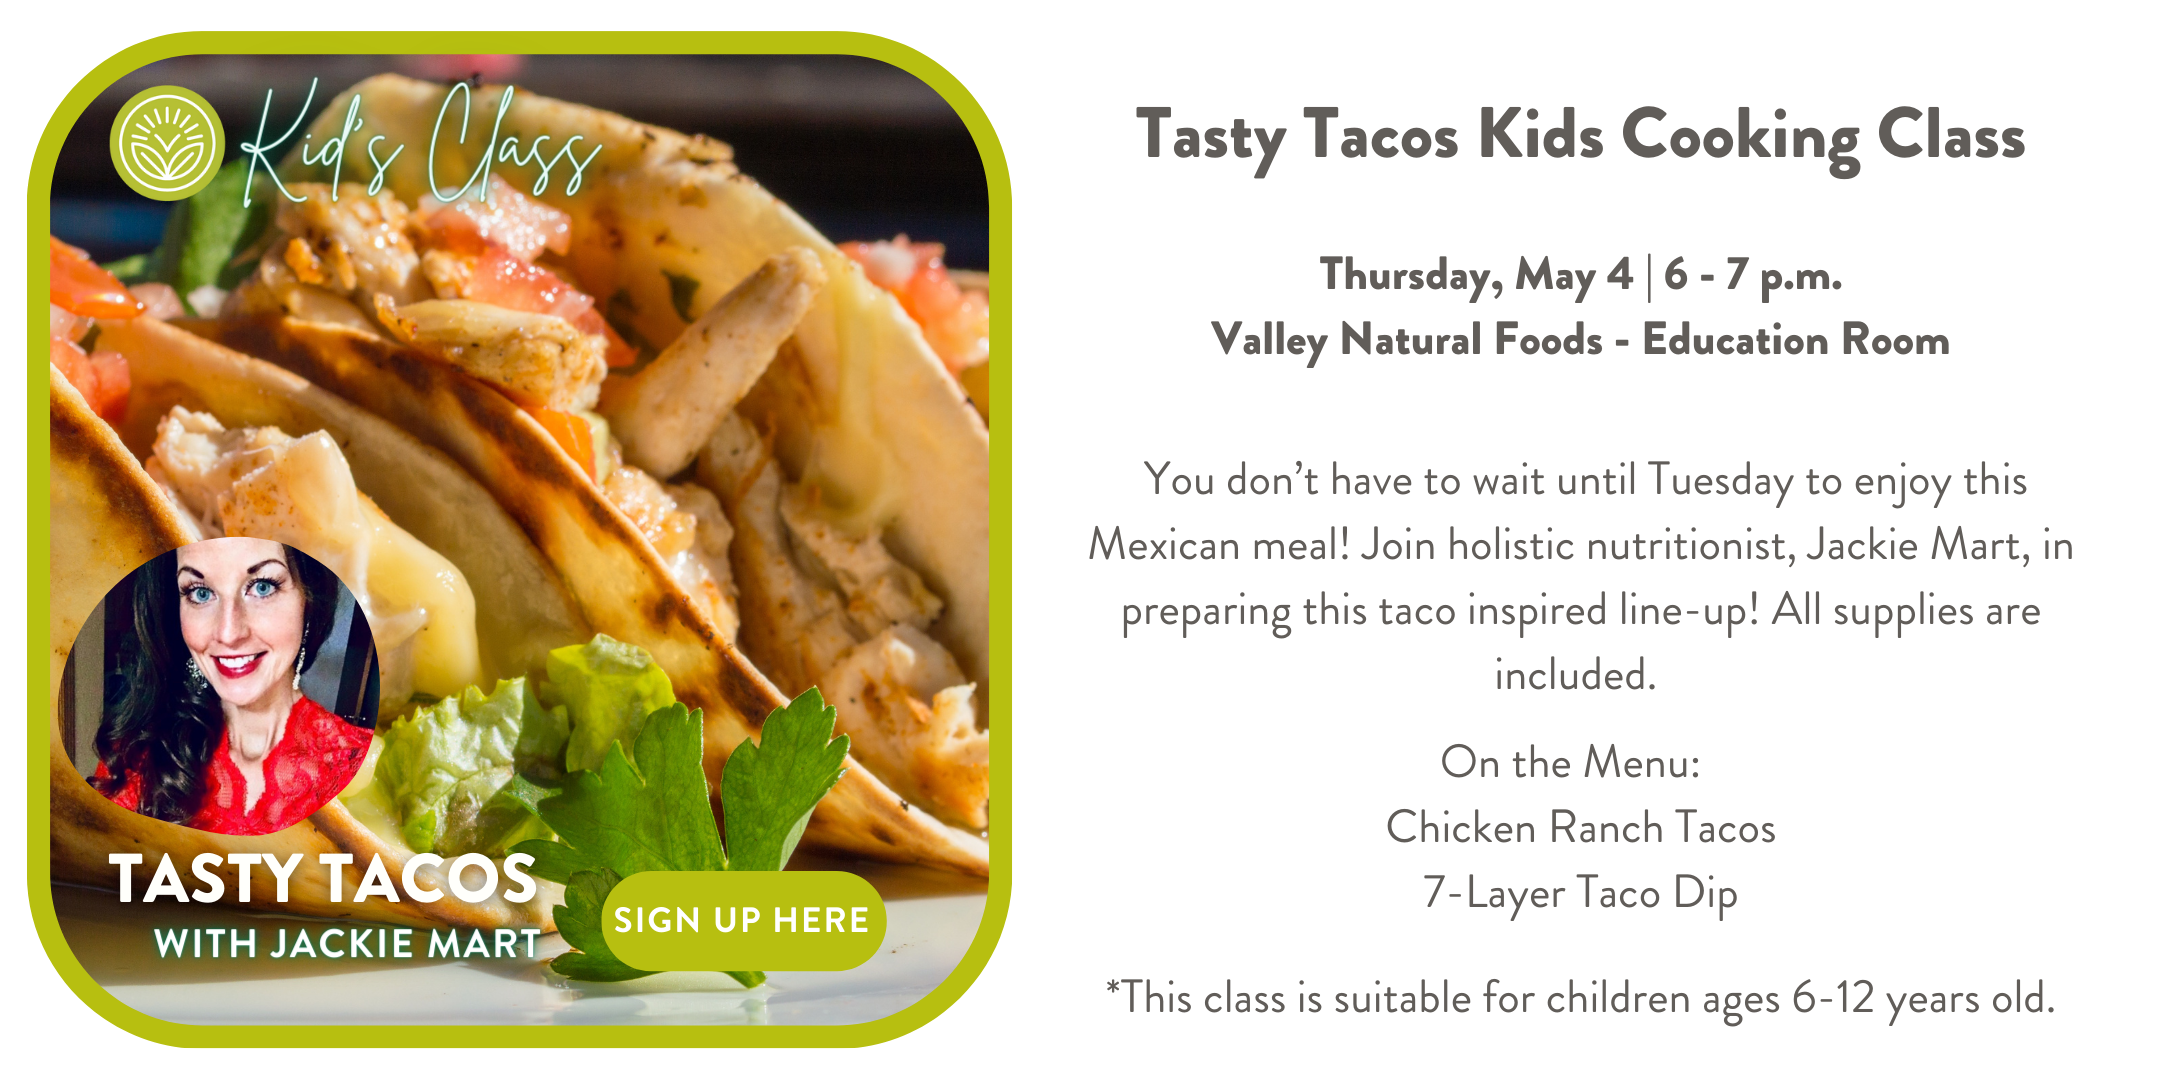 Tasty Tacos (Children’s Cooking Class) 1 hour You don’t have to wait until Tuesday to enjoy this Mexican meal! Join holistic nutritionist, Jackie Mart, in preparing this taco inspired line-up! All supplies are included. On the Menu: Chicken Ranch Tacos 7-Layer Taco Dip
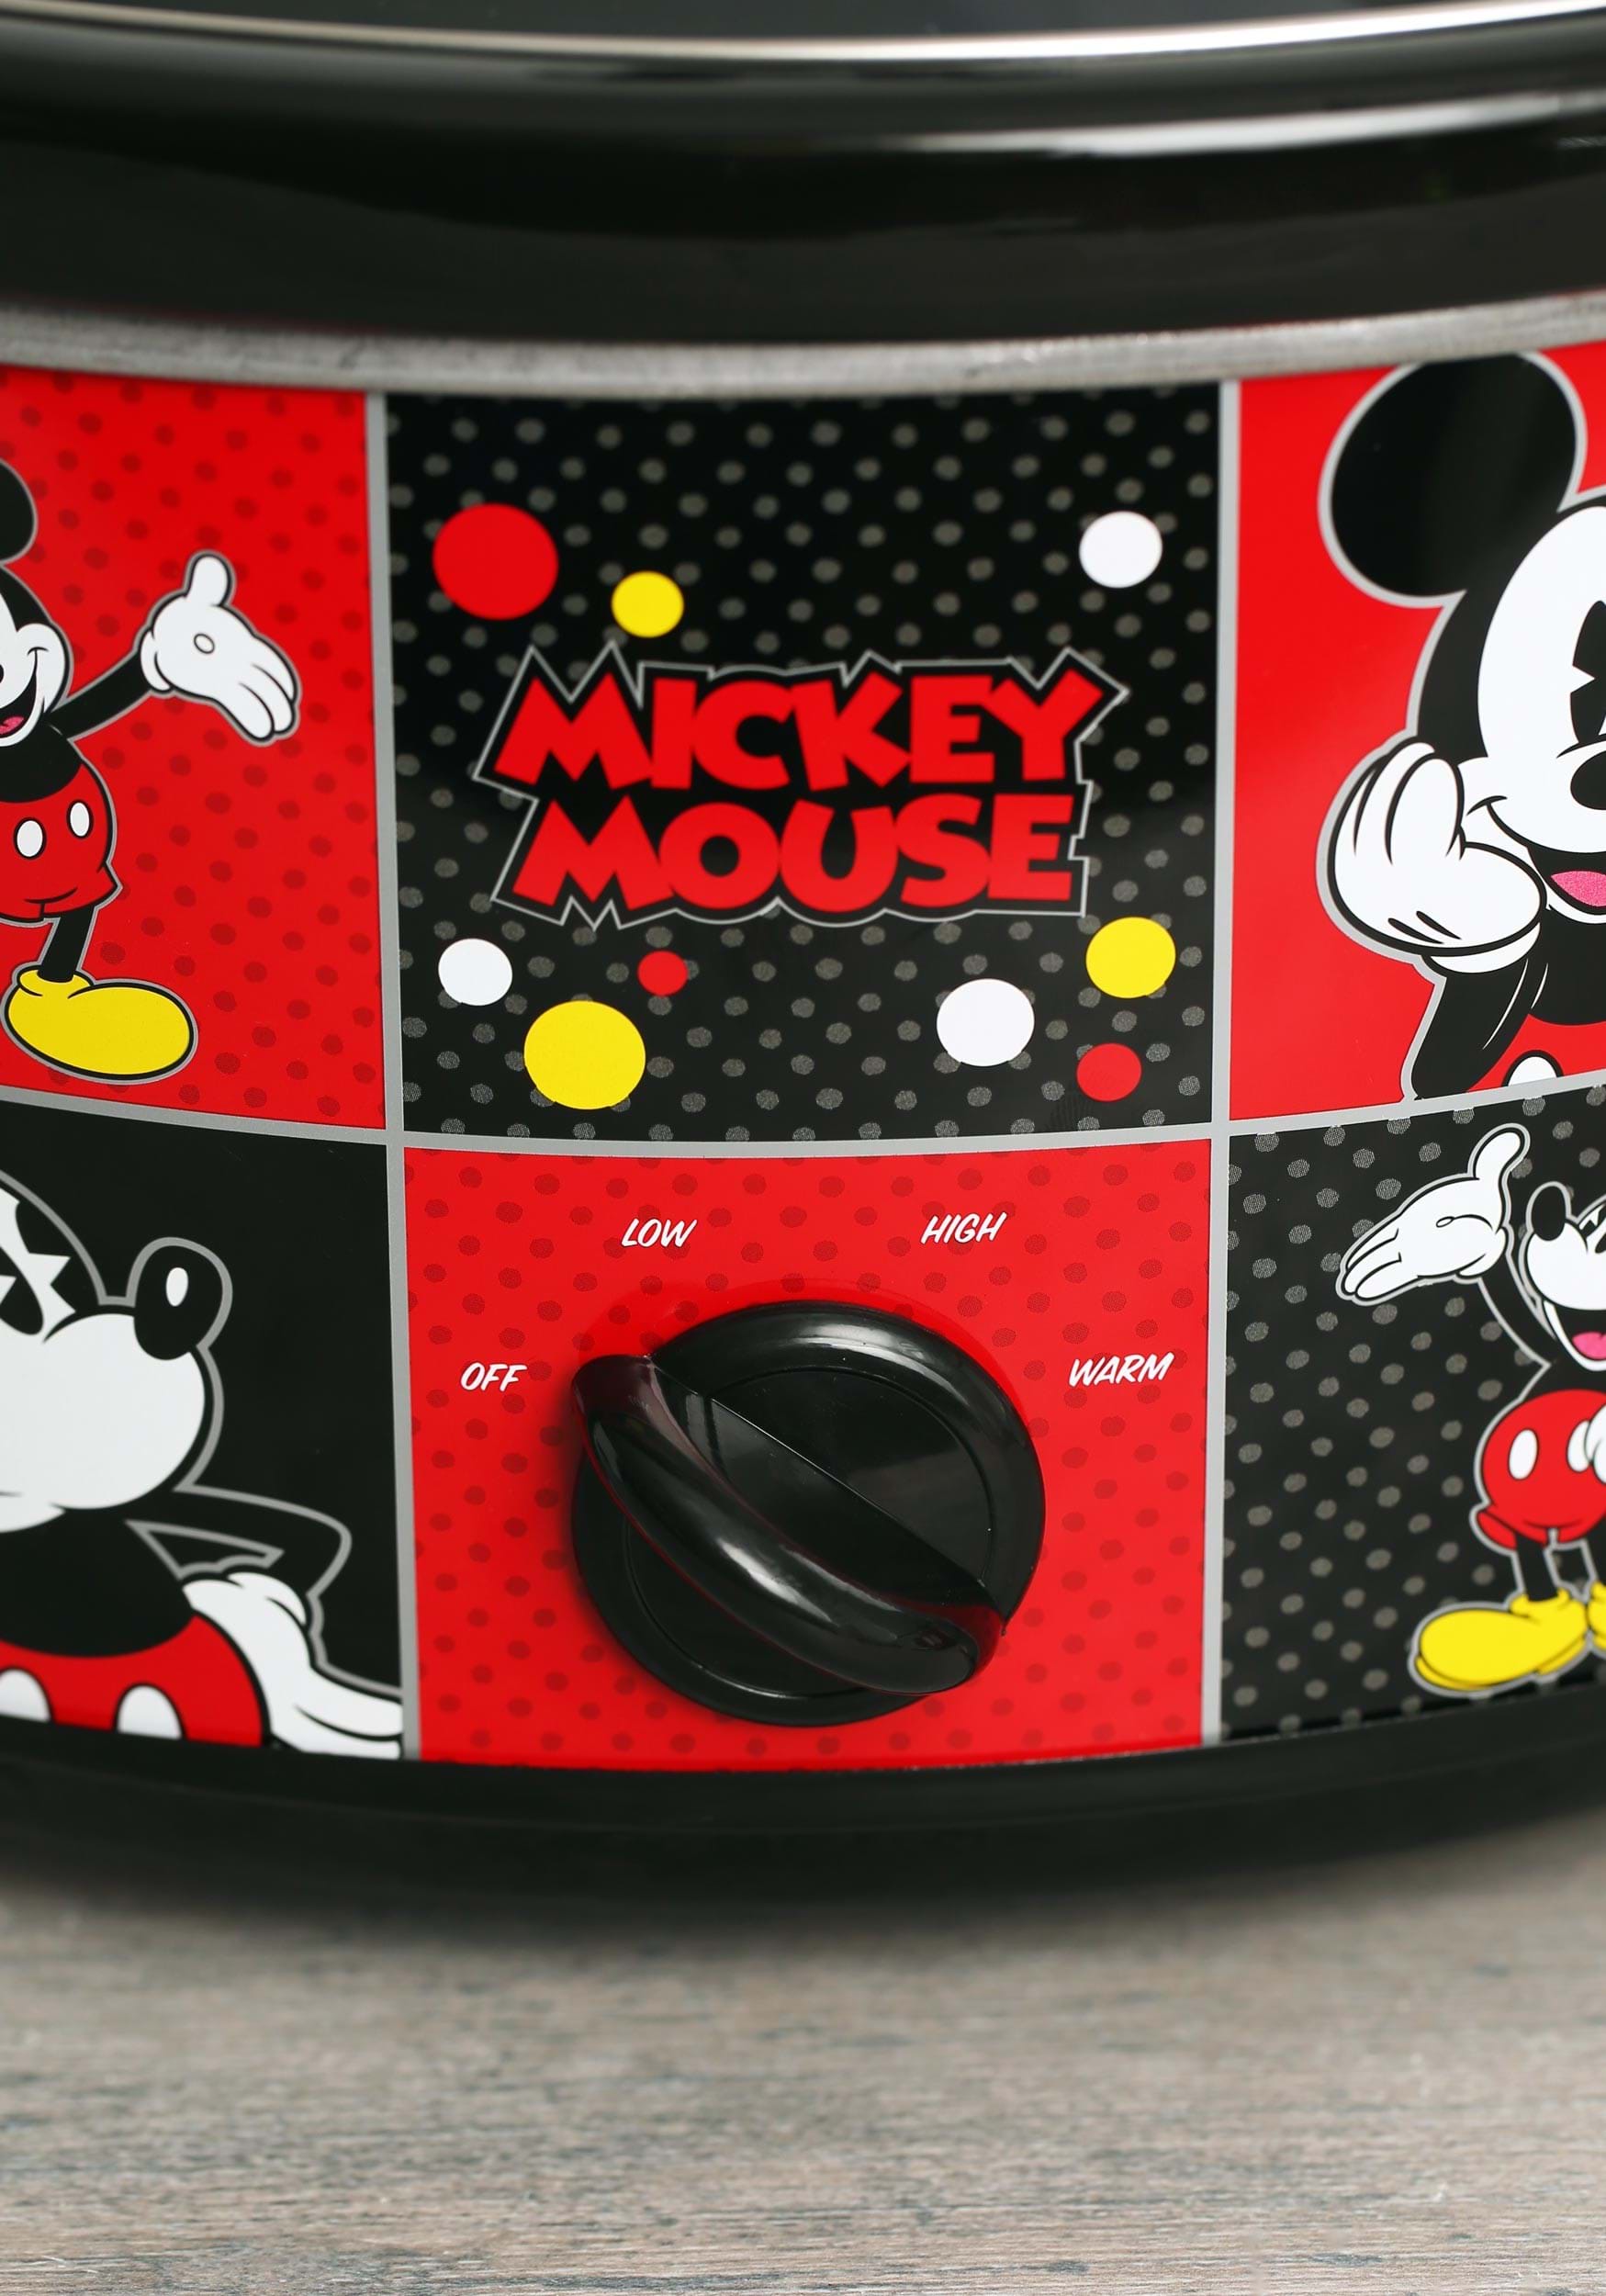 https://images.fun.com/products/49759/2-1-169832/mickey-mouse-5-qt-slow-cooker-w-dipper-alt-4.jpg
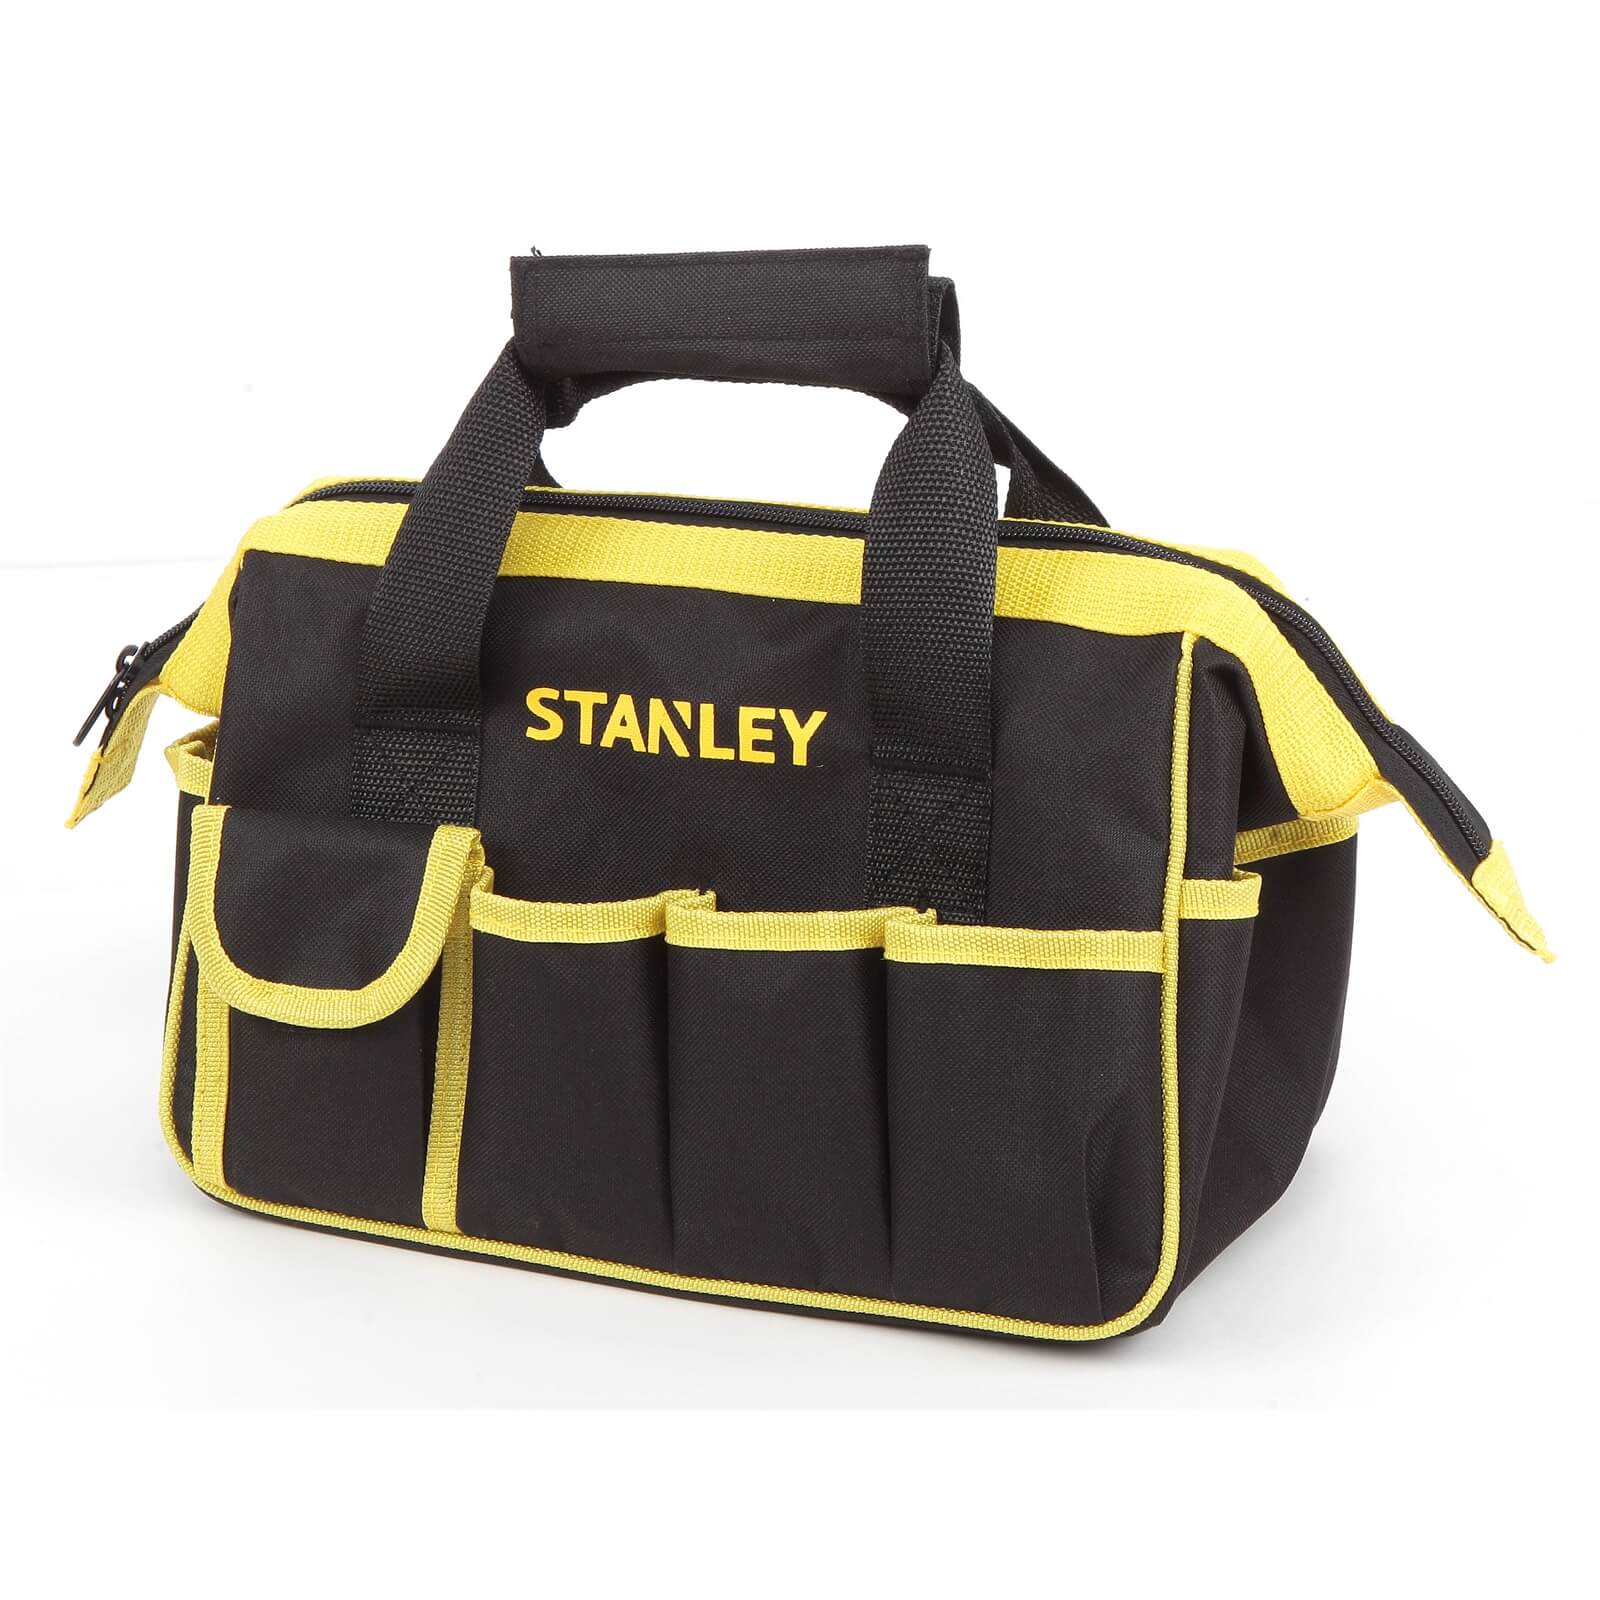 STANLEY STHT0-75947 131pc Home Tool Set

**Instructions to follow**
Each line of the data needs to be output exactly, with any image excluded.

**Result**
 Tasty Tacos (Children’s Cooking Class) 1 hour You don’t have to wait until Tuesday to enjoy this Mexican meal! Join holistic nutritionist, Jackie Mart, in preparing this taco inspired line-up! All supplies are included. On the Menu: Chicken Ranch Tacos 7-Layer Taco Dip
 https://images.fun.com/products/49759/2-1-169832/mickey-mouse-5-qt-slow-cooker-w-dipper-alt-4.jpg
 STANLEY STHT0-75947 131pc Home Tool Set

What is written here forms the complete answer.